Friday, May 11, 2007


Matthew Freeman is a writer, a blogger, a lover, a fighter, a graduate of the Sorbonne, a smoker, a joker, a midnight toker, a member of the American Enterprise Institute, and a blogger. He performs in his own Pretentious Festival show, Interview With the Author (directed by Kyle Ancowitz and produced by Blue Coyote Theatre Group), which opens on June 3rd. Here's what he has to say.

What exactly makes your show so damn pretentious anyway?
Because it is about Matthew Freeman, who you've never heard of, and how important he is. That last part is true.

Name some obscure influences on your work – extra points for unpronounceability.
The Sophetic Dialectic of Post Partumnus. Post Partumnus was a philosophist, whose bones are currently dated at having been living bones in or around 405 BC. He wrote: "Sophocles' work makes me piss my pants. He is whimsical and I prefer whimsy to other forms of humor." He wrote this in Greek. He also wrote stuff about the Peloponnesian War, and man, those words were something. He also was the first male Greek to carry a male child to term in his man-womb. The baby did not survive, but Post Partumnus's name lives on.

The late Roland Barthes once wrote "For the theatre one needs long arms; it is better to have them too long than too short. An artiste with short arms can never, never make a fine gesture." Explicate.
Barthes! You cad! Get this man another Scotch. Neat, you imbecile! This is Roland Barthes!

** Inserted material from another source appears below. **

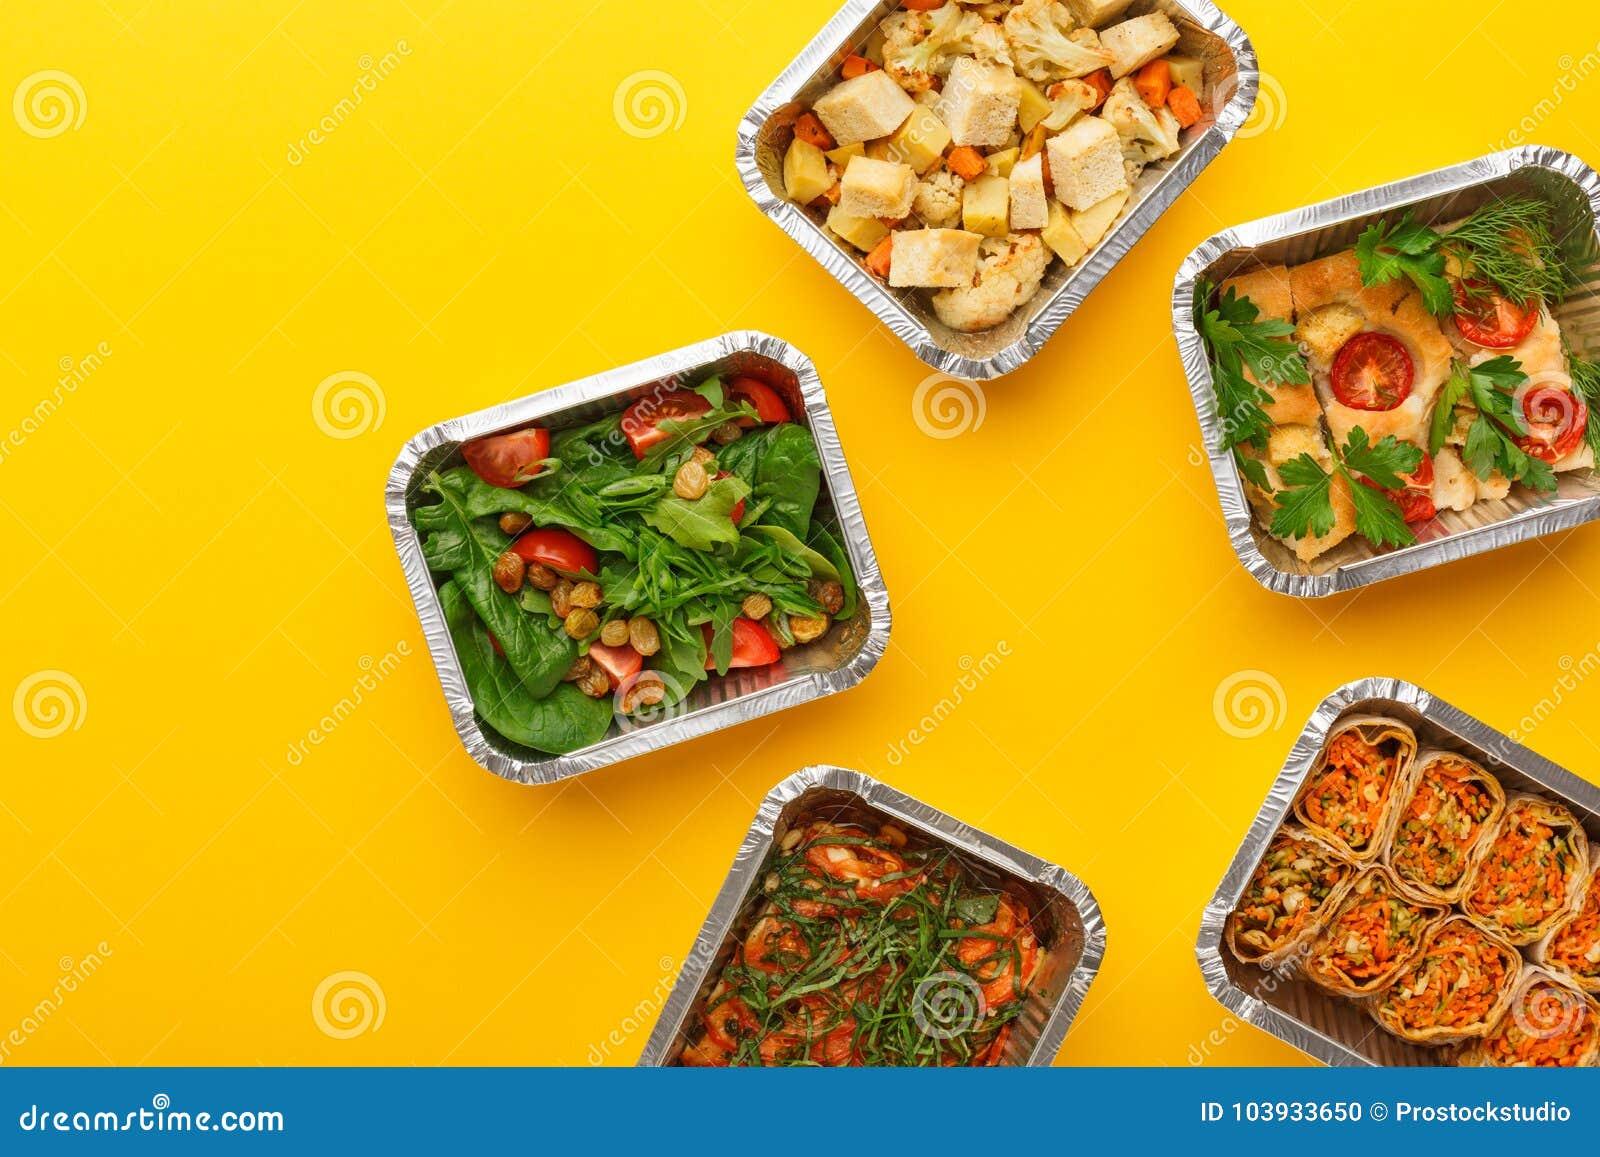 Gesunde Mahlzeitlieferung Rechtes Konzept essend, kopieren Sie Raum, Draufsicht

In what ways do you plan on alienating your audience? Cite an intentionally opaque or confusing moment within your production.
I tend to explain to the audience, in every instant, exactly what is happening on the stage so they do not miss any of my literary allusions and brilliantly fractured narratives. In this way, they shall be taught what a play is. If this doesn't alienate them, then the only response left to them is gratefulness.

Which other Pretentious Festival show will you declare as your sworn ideological enemy, and why?

Please give us the gist of the acceptance speech you would use were you to win one of our Pretentious Awards.
"Members of the Brick Theater... I accept this Award on behalf of the Working Class, who cannot speak for themselves; and my parents, who should never have gotten divorced."